- _DATA SEGMENT_
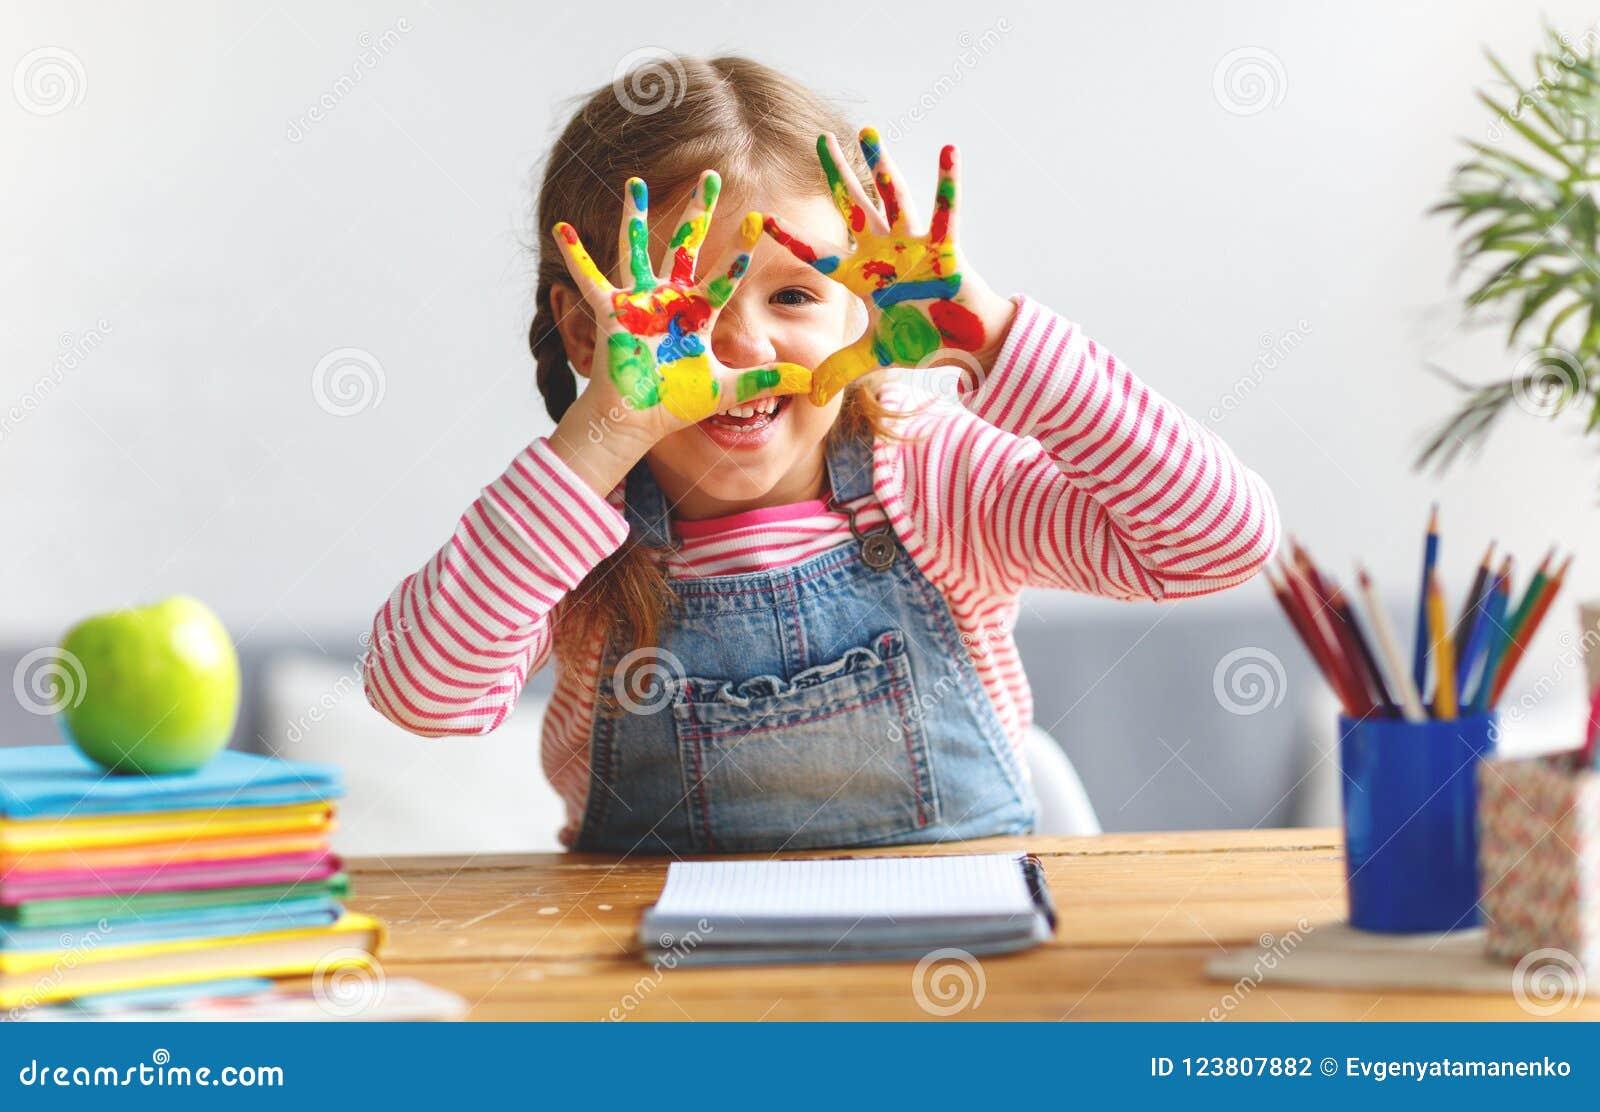 Lustiges Kindermädchen zeichnet die lachenden Showhände, die mit Farbe schmutzig sind
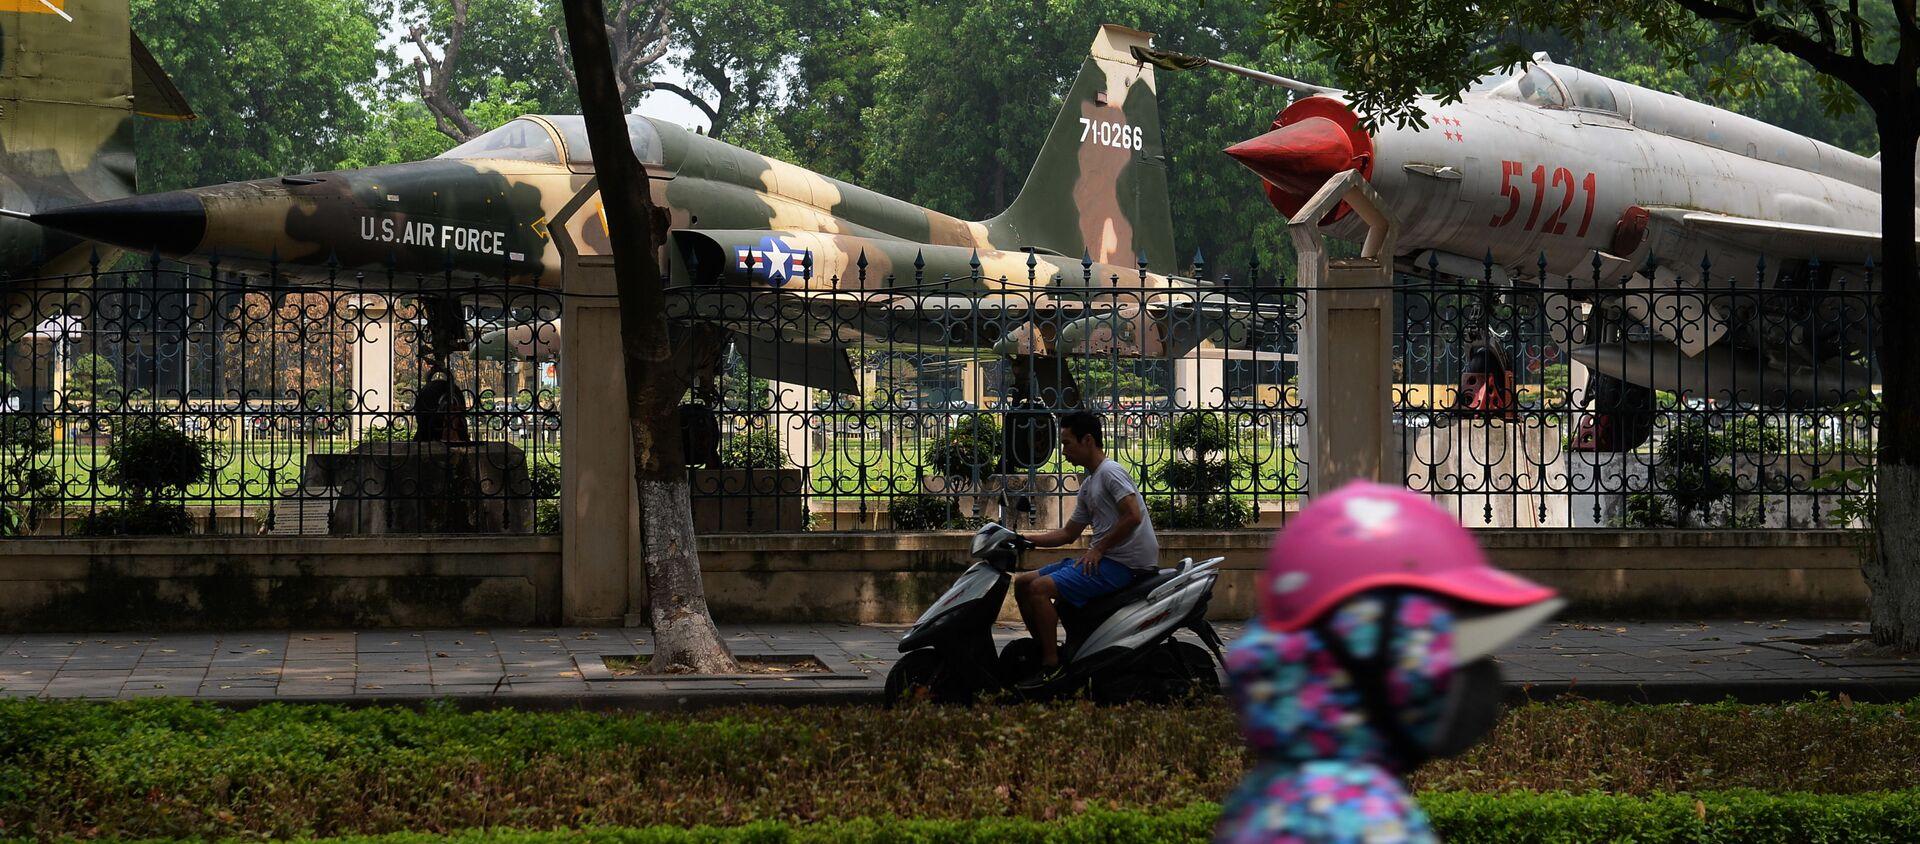 Máy bay chiến đấu F-5 và MiG-21 tại Bảo tàng Quân đội tại Hà Nội - Sputnik Việt Nam, 1920, 08.07.2020
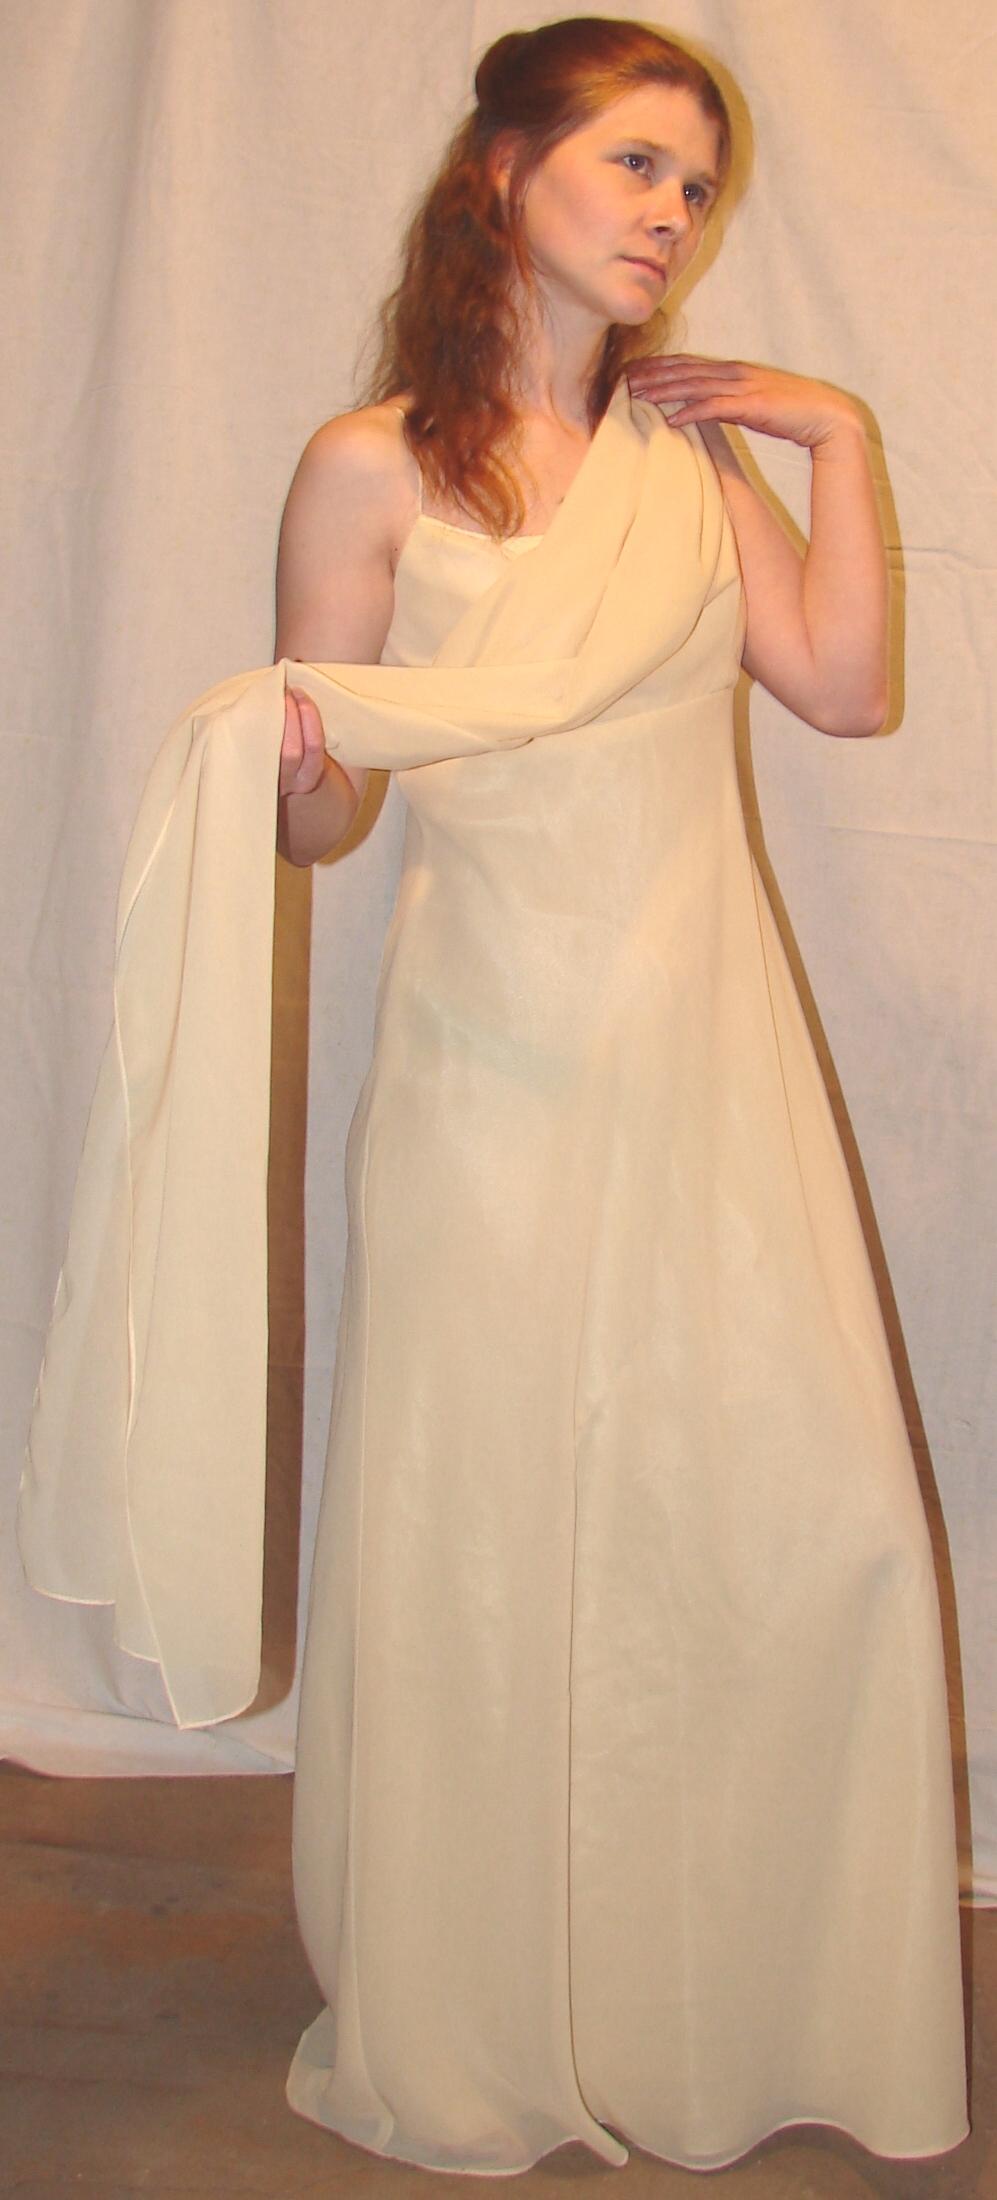 Jodi Yellow Gown Enchantress 7 by FantasyStock
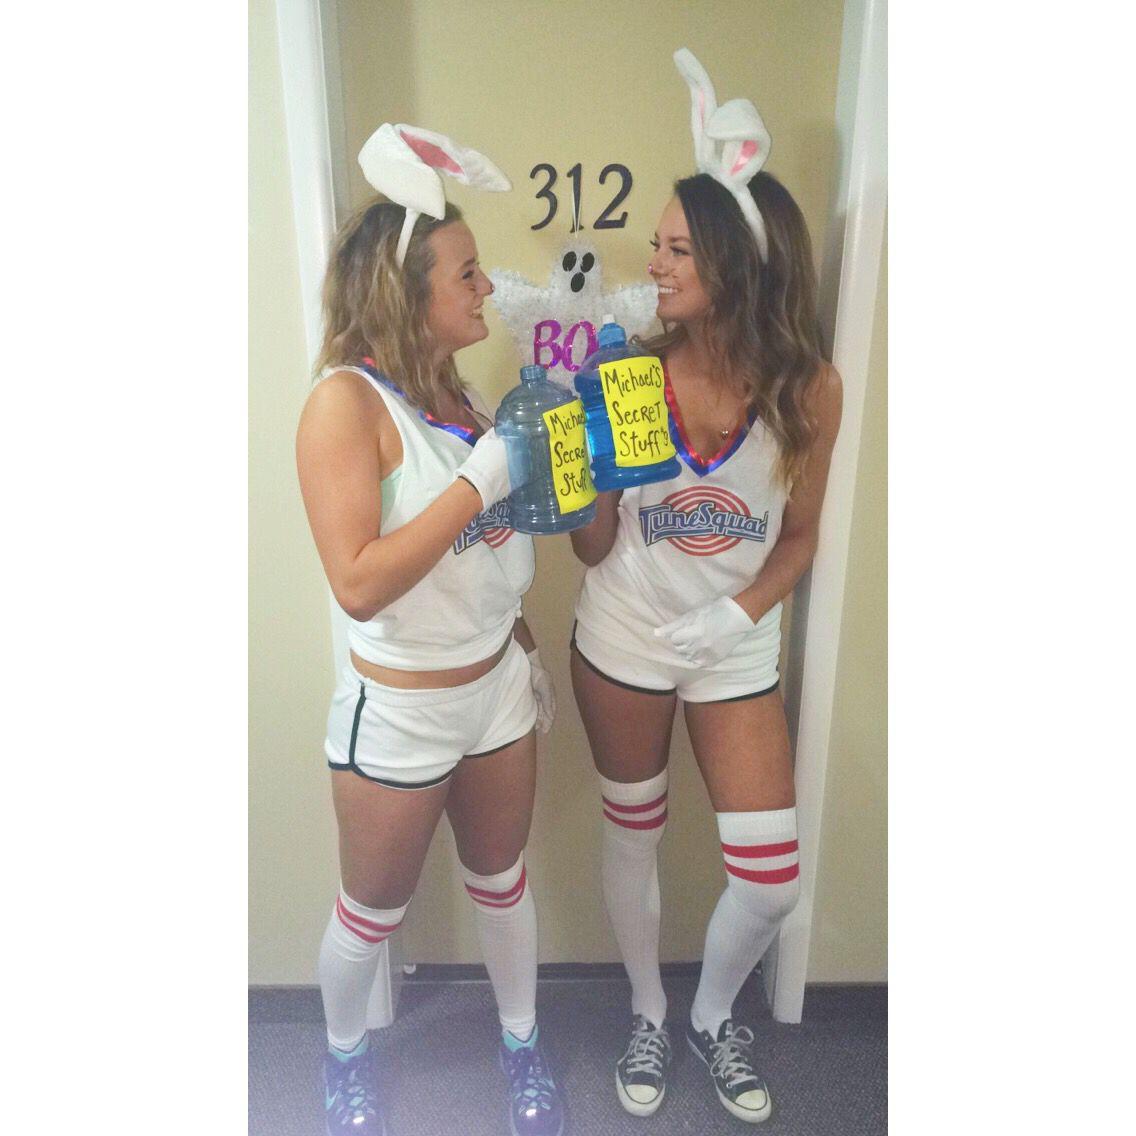 space jam halloween costume - Puck Bunny Halloween Costume

- _EXERCISE REQUIREMENTS_
The answer should contain all the material above, copied exactly, and no images.

- _TASK OUTPUT_
 Lustiges Kindermädchen zeichnet die lachenden Showhände, die mit Farbe schmutzig sind
 Máy bay chiến đấu F-5 và MiG-21 tại Bảo tàng Quân đội tại Hà Nội - Sputnik Việt Nam, 1920, 08.07.2020
 Jodi Yellow Gown Enchantress 7 by FantasyStock
 space jam halloween costume - Puck Bunny Halloween Costume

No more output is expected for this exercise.